Description of the task:
The result should be an exact copy of the entries below, free of pictures.

*** Opening of Material for the task ***

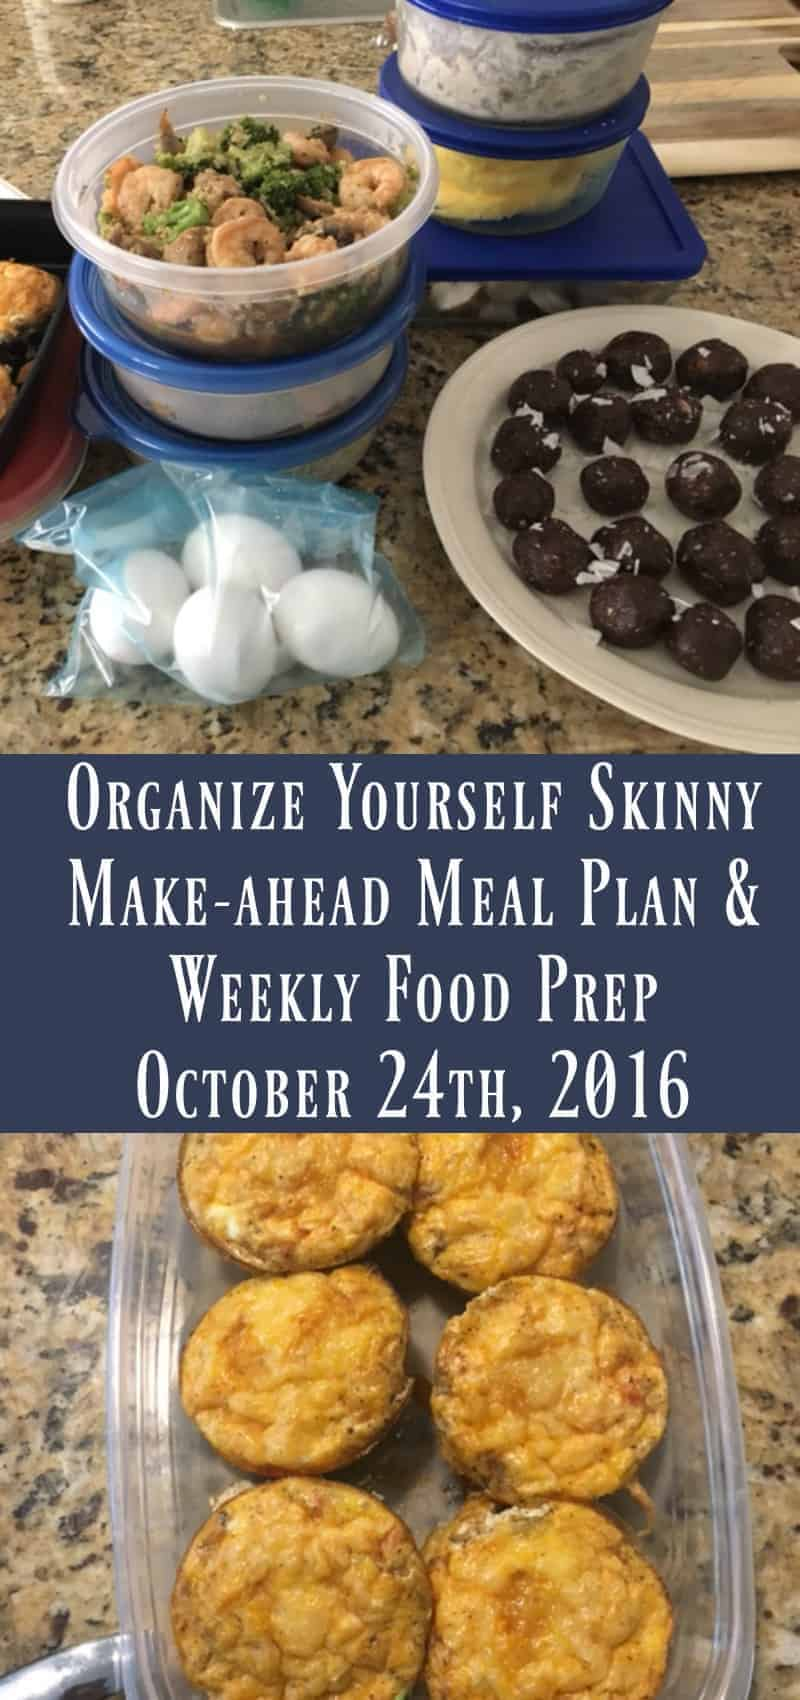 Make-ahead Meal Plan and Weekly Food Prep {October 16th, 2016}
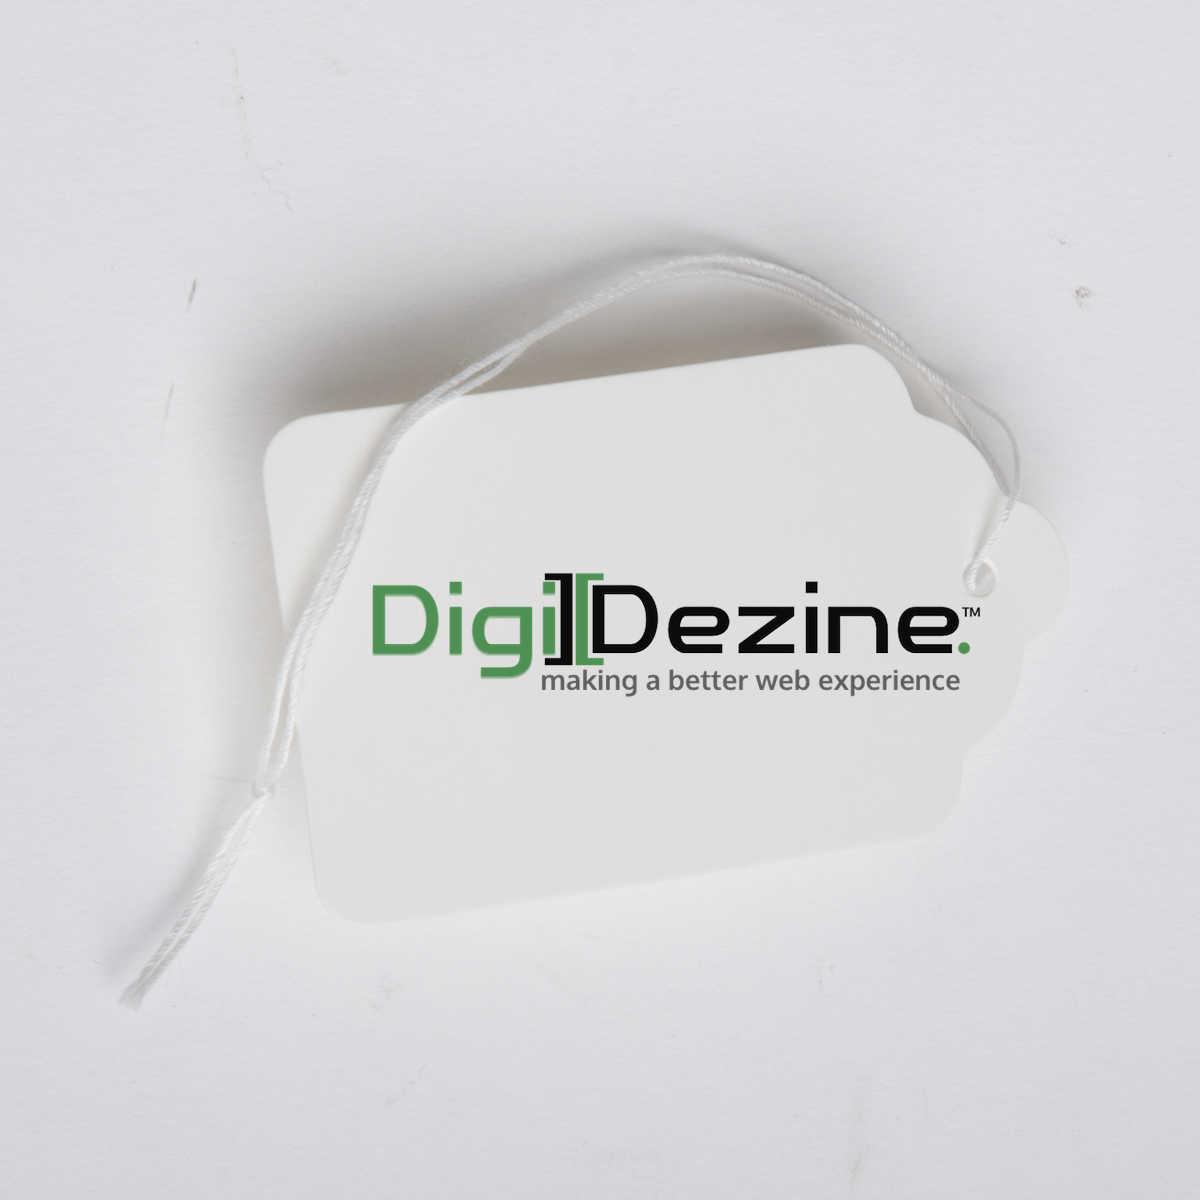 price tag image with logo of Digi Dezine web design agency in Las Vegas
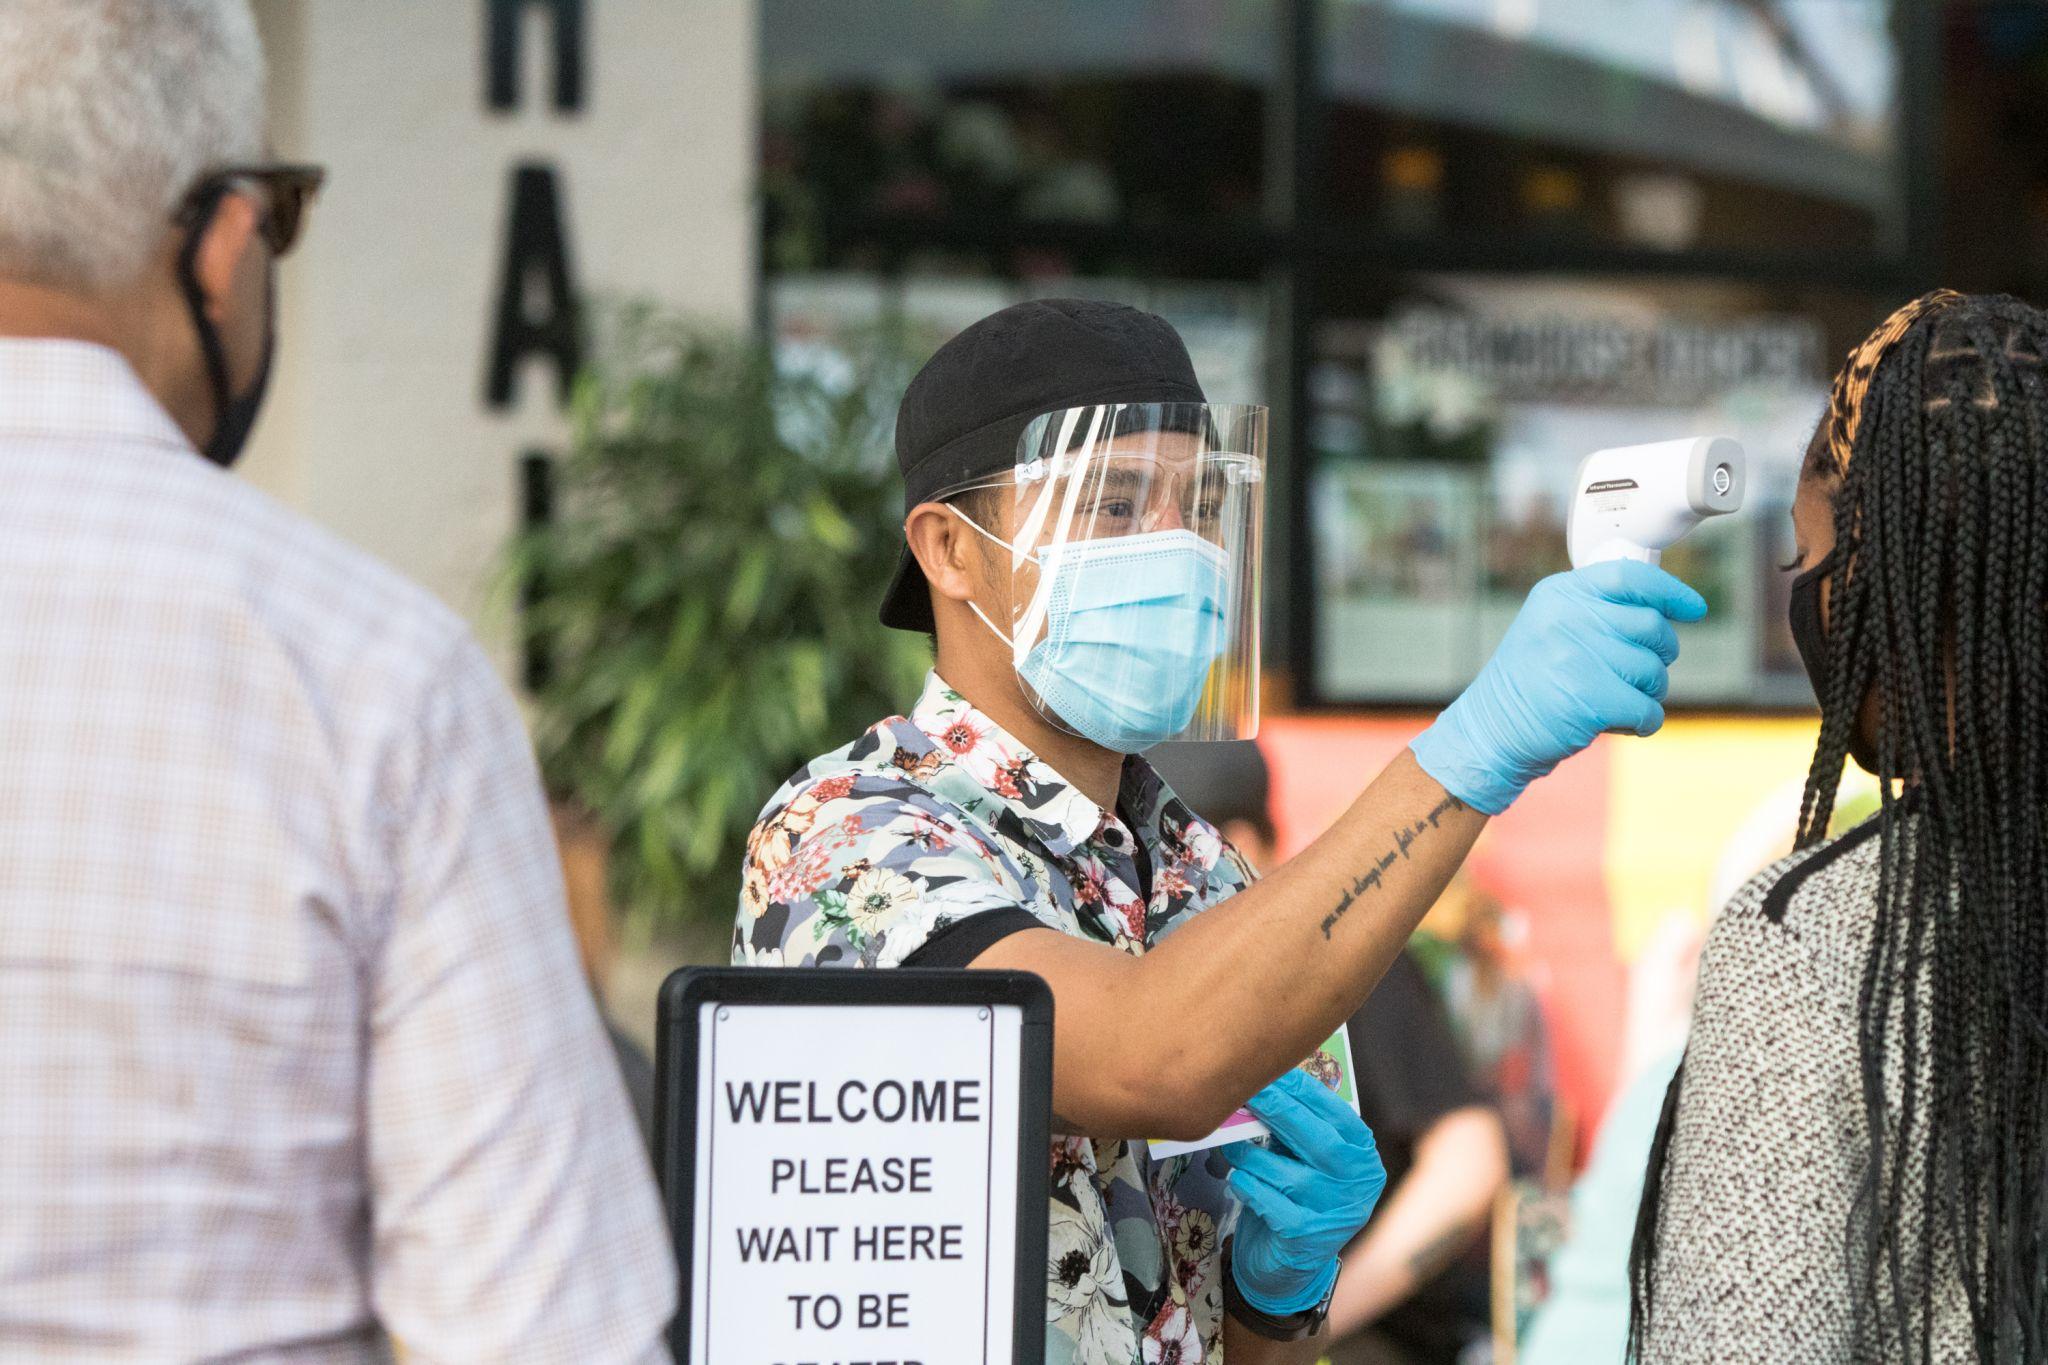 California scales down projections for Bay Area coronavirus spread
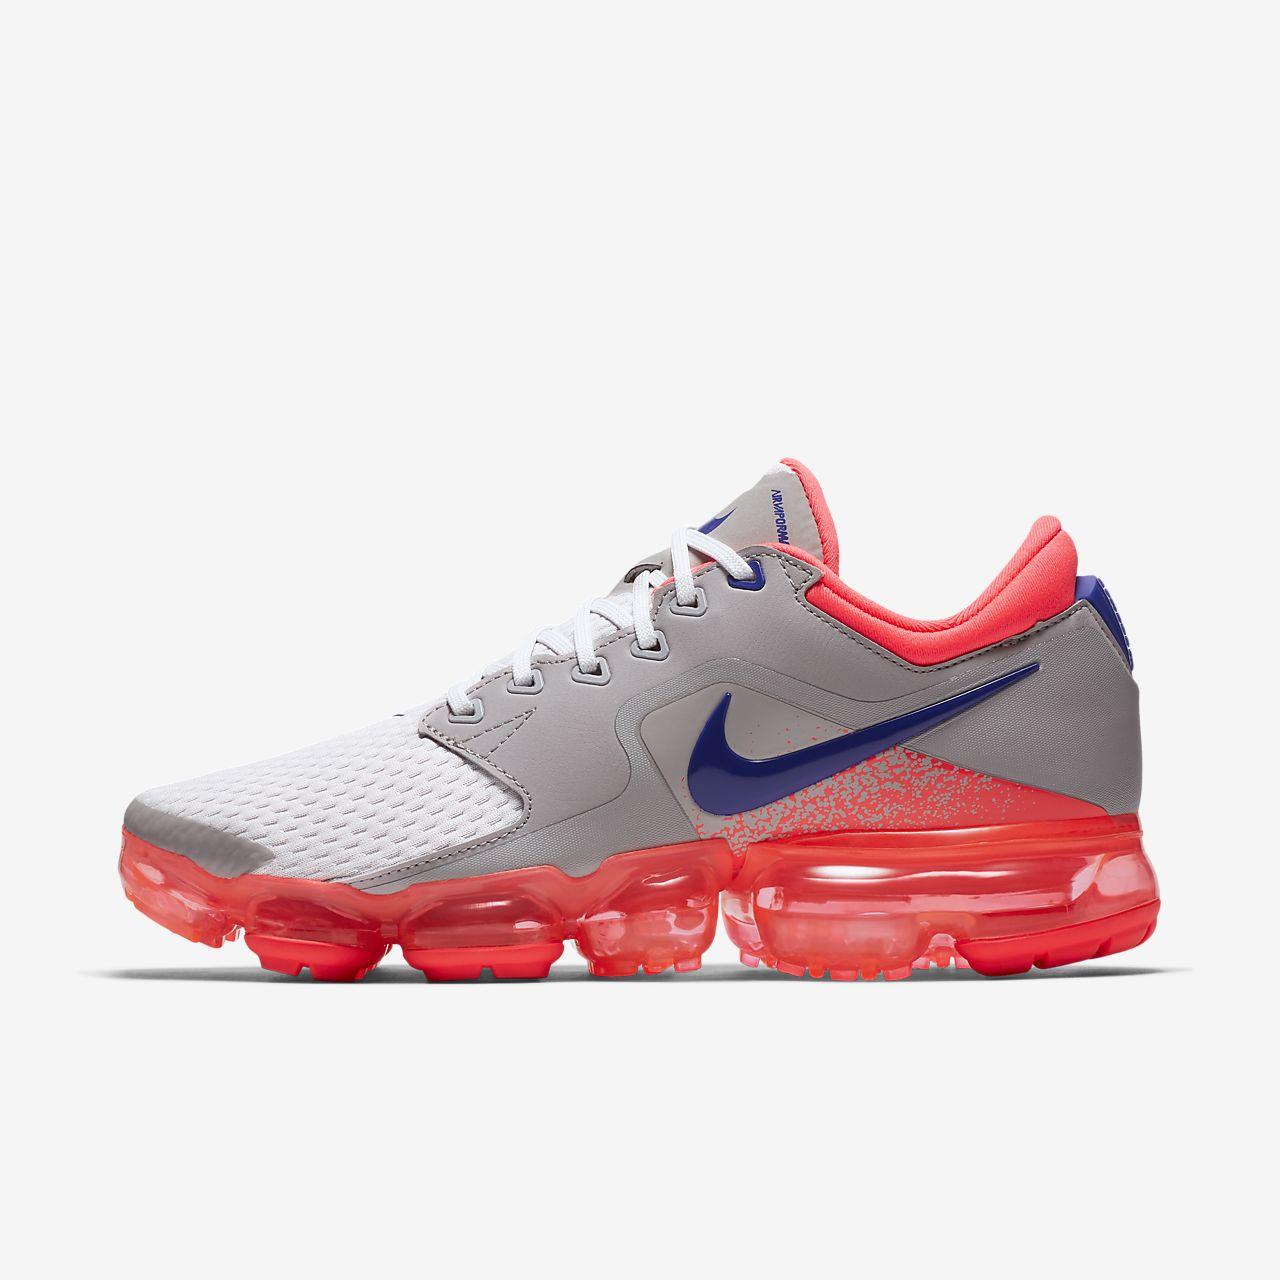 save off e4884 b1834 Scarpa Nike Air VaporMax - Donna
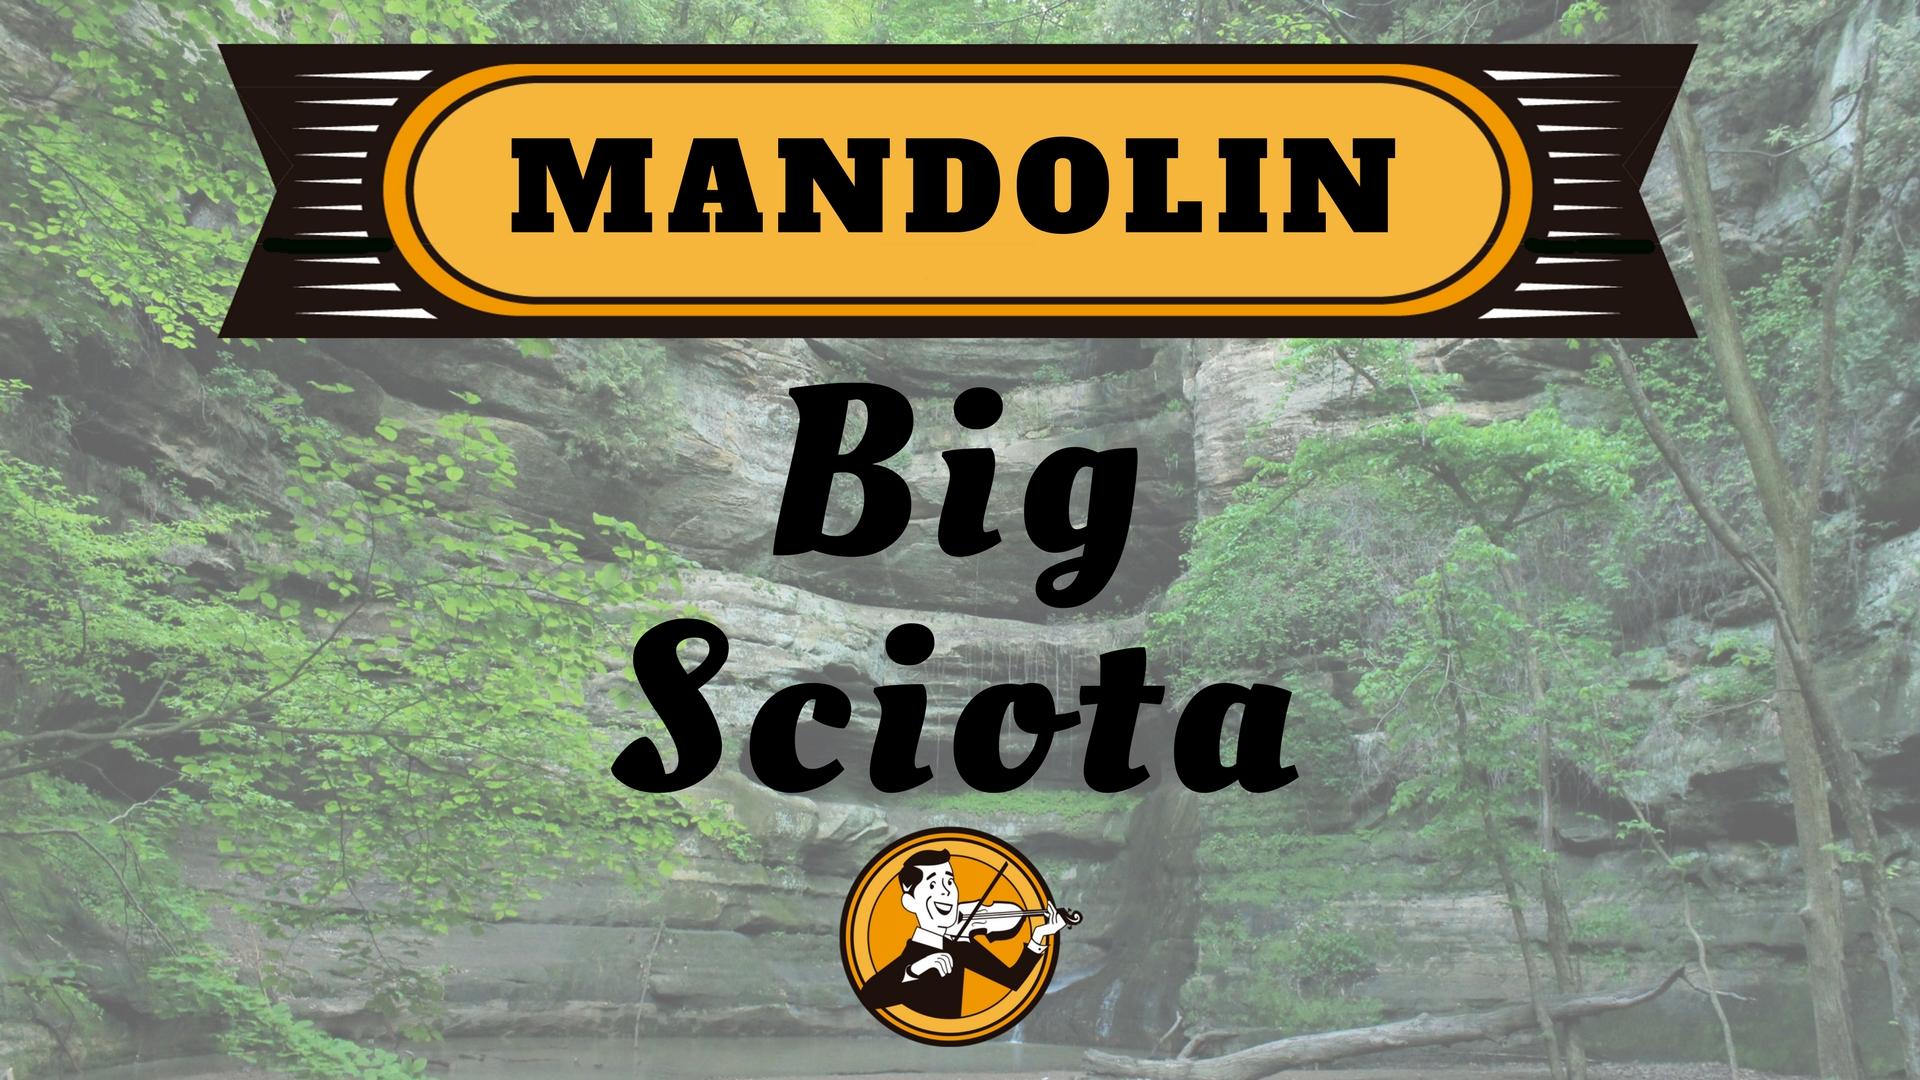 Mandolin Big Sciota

*** Close of Material for the task ***

Solution:
 Make-ahead Meal Plan and Weekly Food Prep {October 16th, 2016}
 price tag image with logo of Digi Dezine web design agency in Las Vegas
 California scales down projections for Bay Area coronavirus spread
 save off e4884 b1834 Scarpa Nike Air VaporMax - Donna
 Mandolin Big Sciota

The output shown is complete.